The LCA of ‘NODE1’ and ‘NODE2’ can also be found recursively using the BST property. Start from the ‘ROOT’ node. If the key at the ‘ROOT’ node is greater than the key at ‘NODE1’ and ‘NODE2’, then the LCA is present in the left subtree of ‘ROOT’. Similarly, if both the keys are greater than the key at ‘ROOT’, then the LCA is present in the right subtree of the ‘ROOT’. If one of the keys is in the left subtree and the other in the right subtree of ‘ROOT’ or one of the keys is equal to the key at ‘ROOT’, then the ‘ROOT’ node is the LCA.
The given function ‘distanceBetween2’ can be called recursively to find both the LCA and the final answer.
ALGORITHM:
- If ‘NODE1 > NODE2’, then:
- ‘swap(NODE1, NODE2)’. Make sure that ‘NODE1’ stores the smaller key.

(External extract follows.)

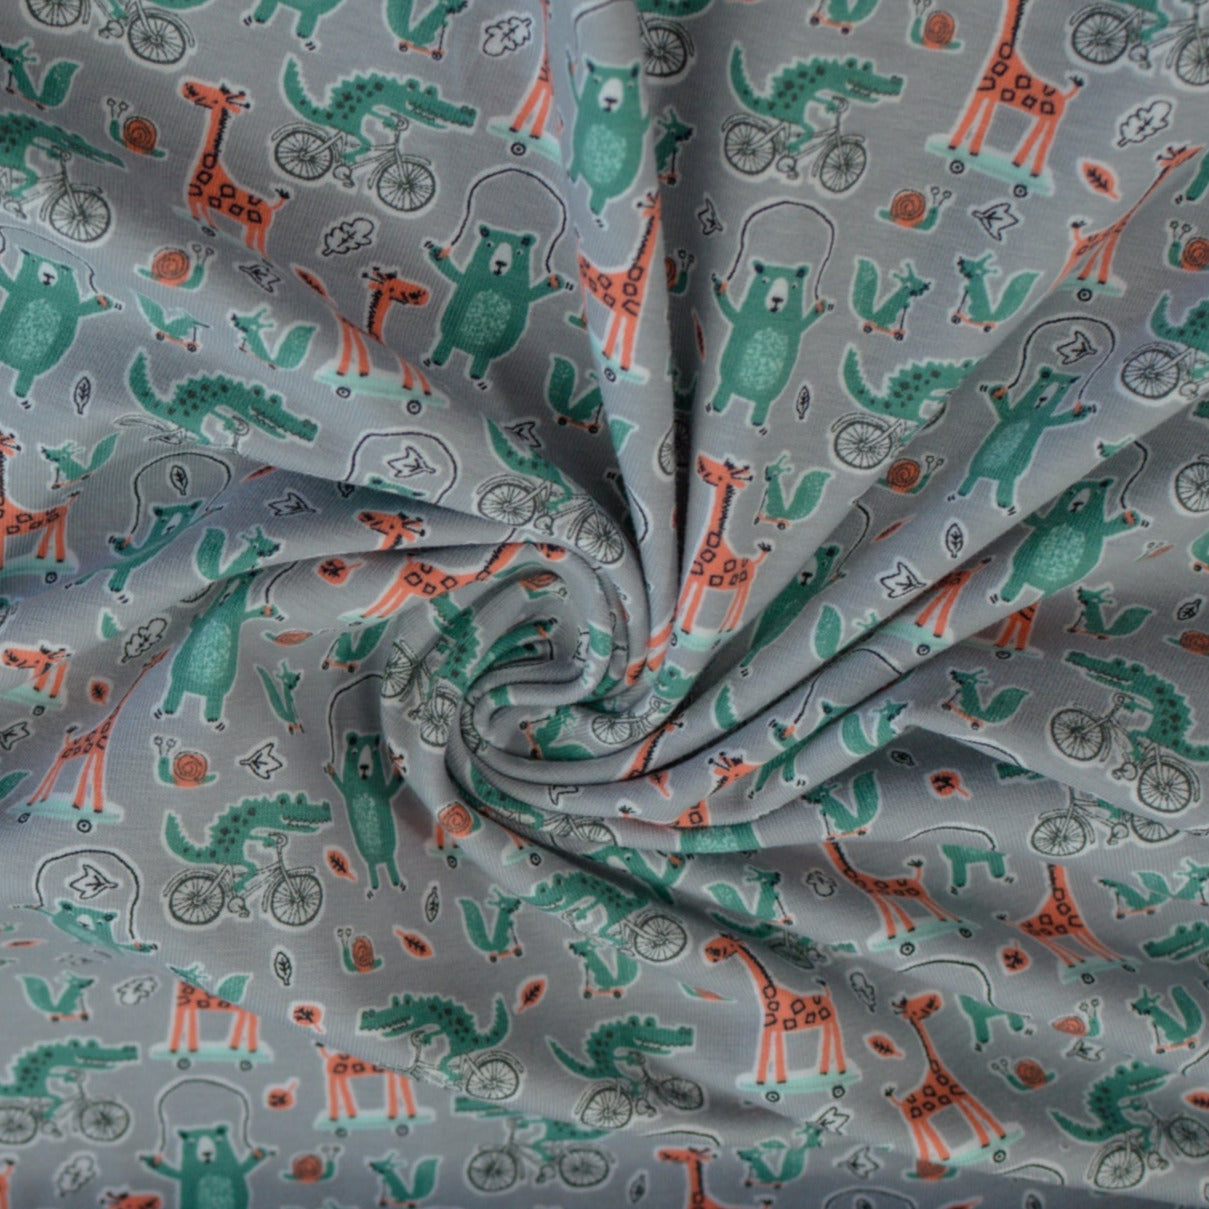 Baumwolljersey aus Schweden - Zootiere türkisgrün auf grau Fabric poshpinks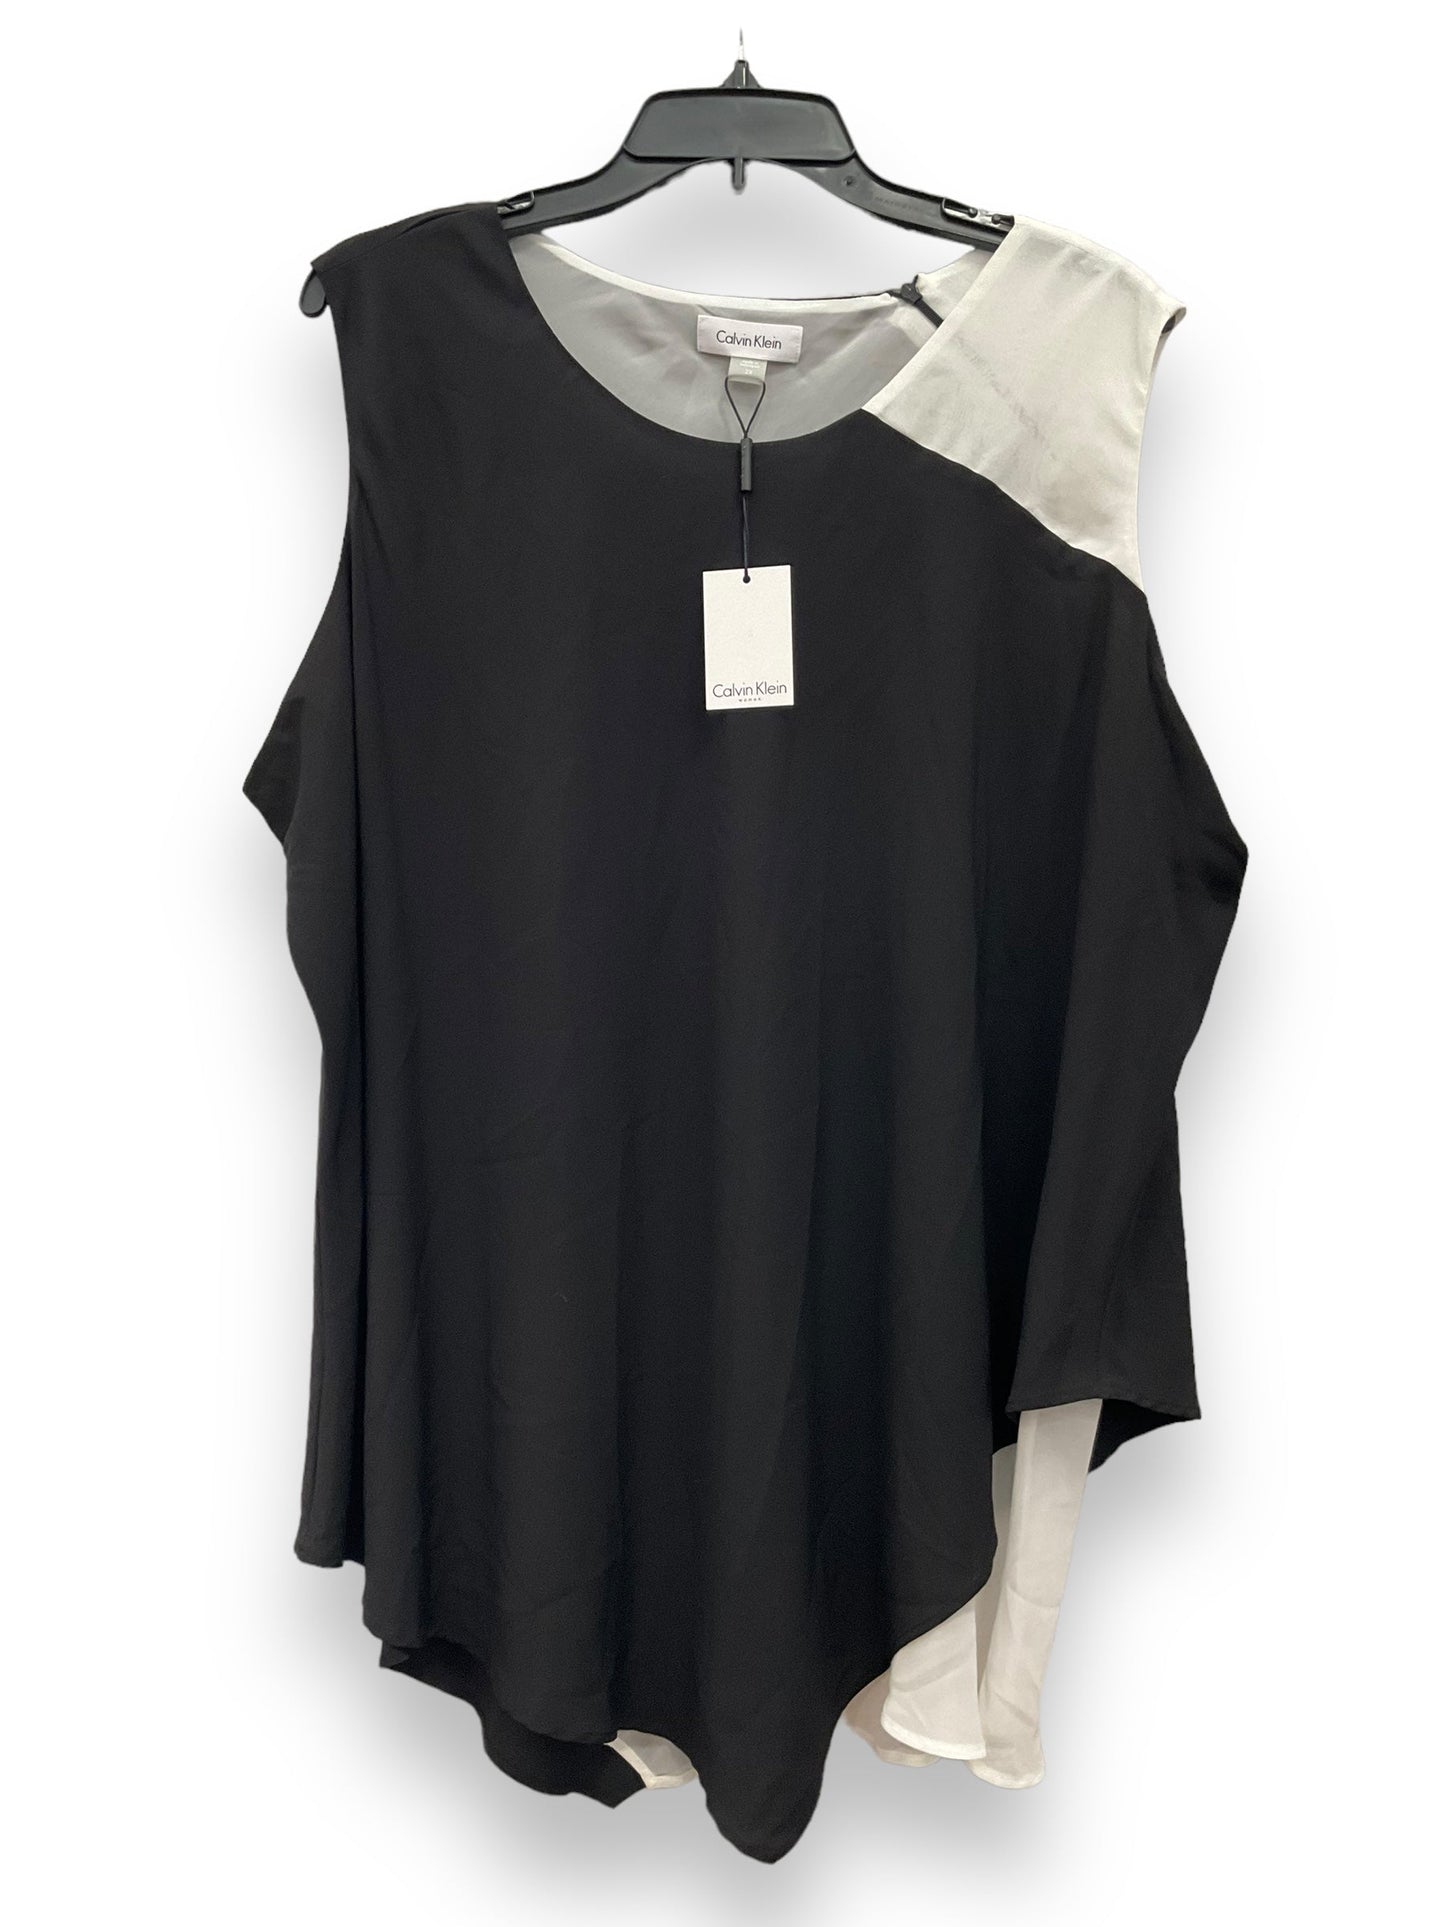 Black & White Blouse Sleeveless Calvin Klein, Size 2x

- If ‘ROOT->DATA > NODE1’ and ‘ROOT->DATA > NODE2’, then the LCA lies in the left subtree:
- Return ‘distanceBetween2(ROOT->LEFT, NODE1, NODE2)’.
- If ‘ROOT->DATA < NODE1’ and ‘ROOT->DATA < NODE2’, then the LCA lies in the right subtree:
- Return ‘distanceBetween2(ROOT->RIGHT, NODE1, NODE2)’.
- If ‘ROOT->DATA >= NODE1’ and ‘ROOT->DATA <= NODE2’, then the ‘ROOT’ node is LCA, so find the distance between ‘NODE1’ to ‘ROOT’ and ‘NODE2’ to ‘ROOT’:
- Return ‘distancefromRoot(ROOT, NODE1) + distancefromRoot(ROOT, NODE2)’.